Casper's Southridge Elementary Principal Sonya Tuttle speaks with teachers during a teacher development day in August 2021. (Dustin Bleizeffer/WyoFile)

Dustin BleizefferWyoFile

Wyoming teachers and staff may see an annual cost-of-living adjustment as lawmakers advanced a $25 million hike that would start in 2022. But it’s unclear how far that might go toward bringing salaries in line with a national average that has outpaced the state in recent years.

Wyoming’s average teacher salary is about 93% of the national average, according to the Legislative Service Office.

The Joint Education Interim Committee on Monday supported the “external cost adjustment” with nine yes votes, four no votes and one excused. Now it’s up to the Joint Appropriations Committee to decide whether to include the ECA as proposed by the Education Committee in a budget bill.
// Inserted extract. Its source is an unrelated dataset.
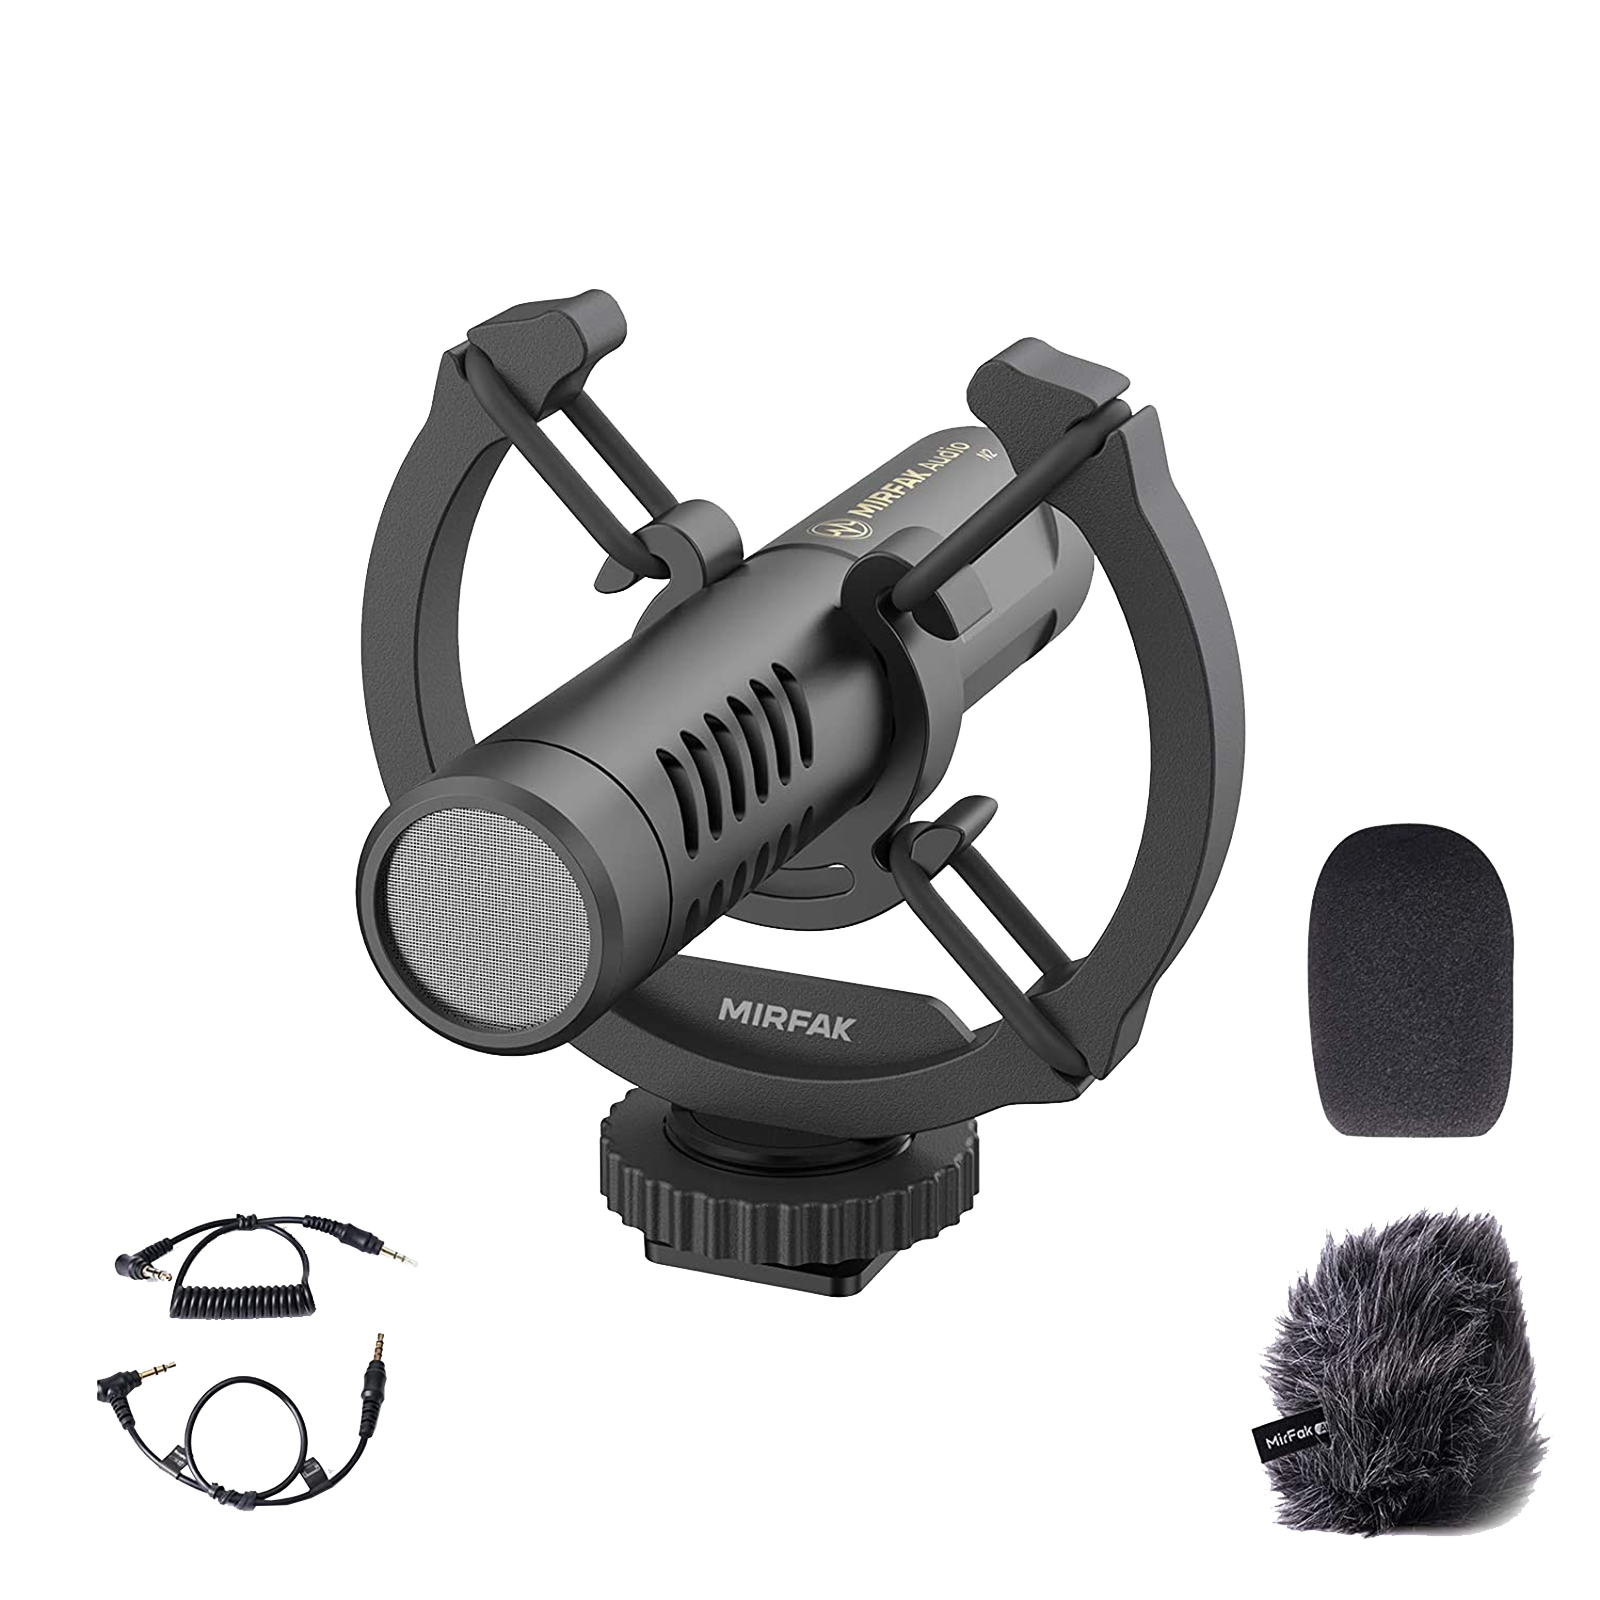 Mirfak Audio N2 Camera Mount Wireless Condenser Microphone (Cardioid Mode, Black)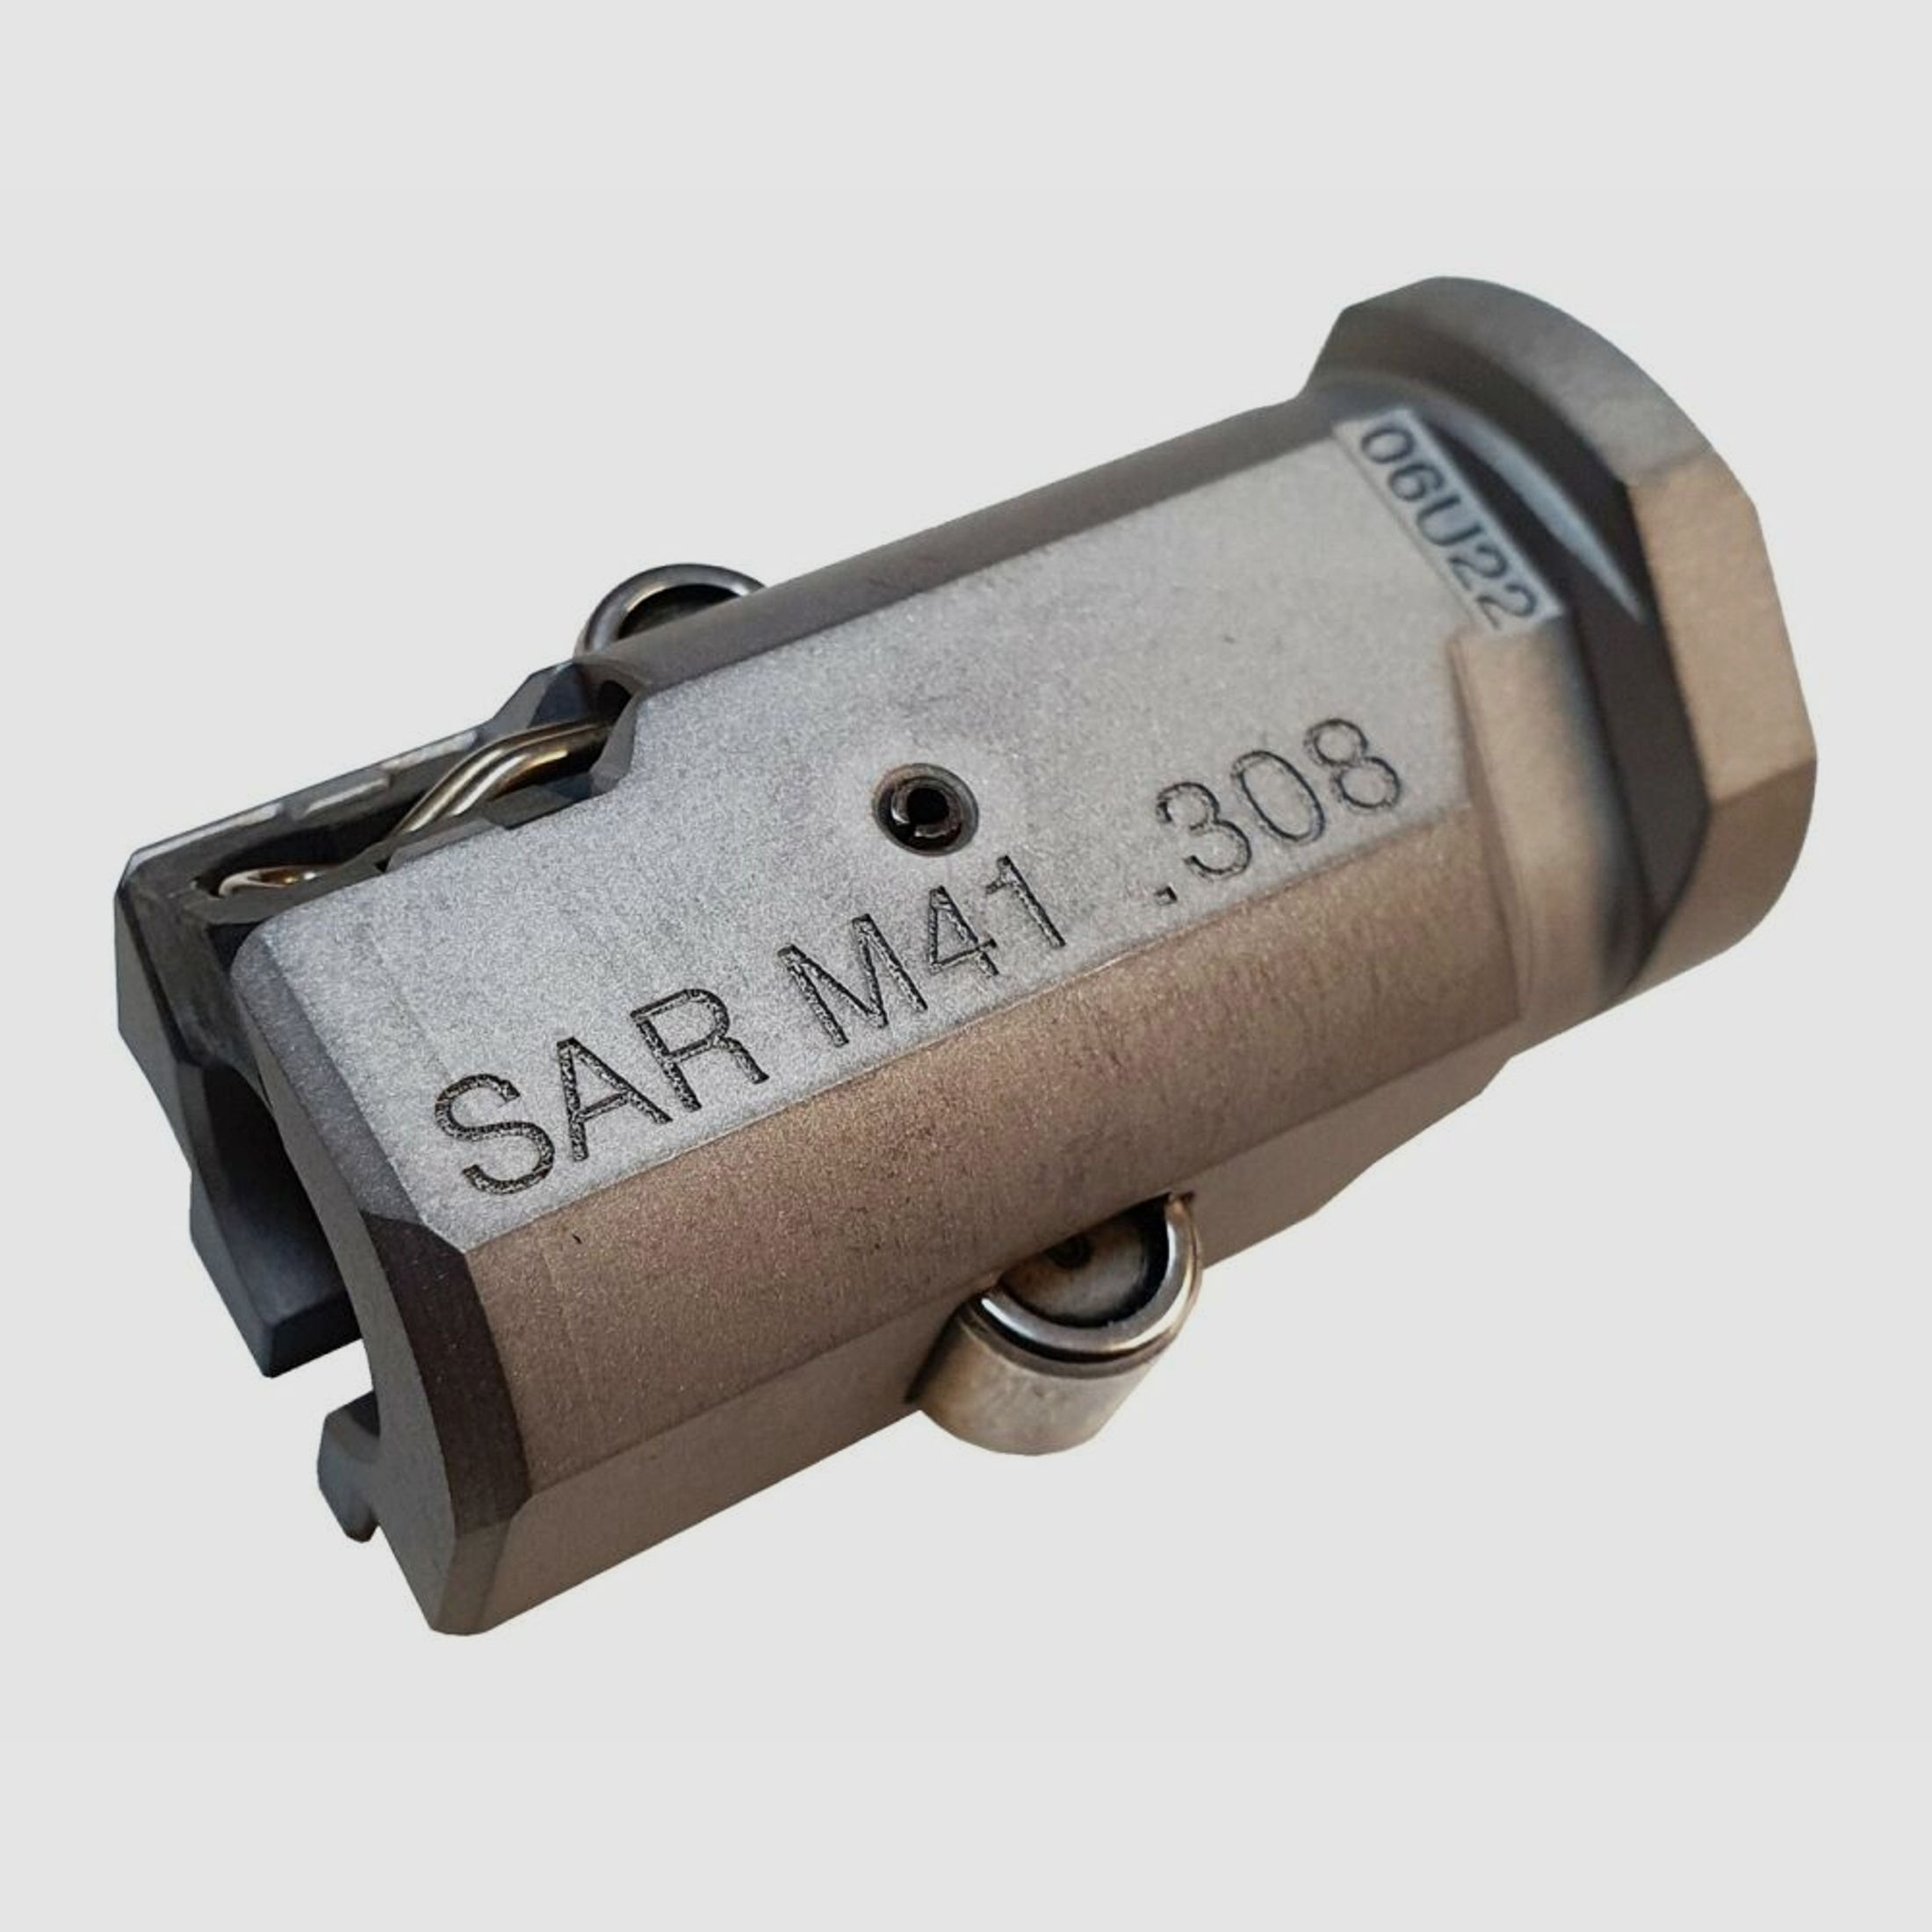 Schwaben Arms GmbH	 SAR M41 Verschlusskopf .308 Win. komplett. Passend für HK G3 Nachbauten MKE T41, XR41, HSG41, etc.

The average salary for Wyoming teachers today remains strong compared to neighboring states, according to a Legislative Service Office report. However, it has declined when compared to the national average and is now at the lowest comparative point in 10 years. 

“The actual salaries have shown little growth since 2012,” LSO consultant Christina Stoddard told lawmakers. “As a result, those teaching wages have fallen behind salaries in comparable occupations in Wyoming … from 96% to 85%.”

Although average teacher salaries in the state are competitive with neighboring states, advocates say Wyoming needs a better edge in the national market. That’s because the allure of teaching, in general, has eroded throughout the nation in recent years and especially since the pandemic, they say.

“On the national front, teachers have felt underappreciated, overworked and underpaid,” Wyoming Education Association Government Relations Director Tate Mullen told lawmakers. “These sentiments are shared by many educators in the state of Wyoming. The flat salaries, consistent threats to education funding, coupled with the high stress of teaching in our current atmosphere, they’ve had measurable impacts on our education system.”

To attract and maintain high-quality teachers in rural Wyoming requires paying a higher wage than surrounding states, Mullen said.

“If we maintain our current trajectory, it won’t be long before we have lost what little competitive edge that we still have,” Mullen said.

Joint Education Committee Co-Chairman Charles Scott (R-Casper) shares a concern with several other committee members that school districts already have enough funding and spending discretion to raise salaries for certain positions, he said.

The notion of a growing salary disadvantage, “maybe the evidence doesn’t support that,” said Scott, who voted against the ECA measure.   

The LSO report to the committee also showed that women still make up about 70% of the teaching workforce in Wyoming. It also suggests that stimulus dollars provided to school districts through the CARES Act and American Rescue Plan Act have not resulted in a significant number of new teaching positions in Wyoming.

“There’s not a lot of pressure coming from rising student enrollment,” Stoddard told lawmakers. “So I don’t anticipate you having to hire a big new crop of teachers due to increased student enrollment.”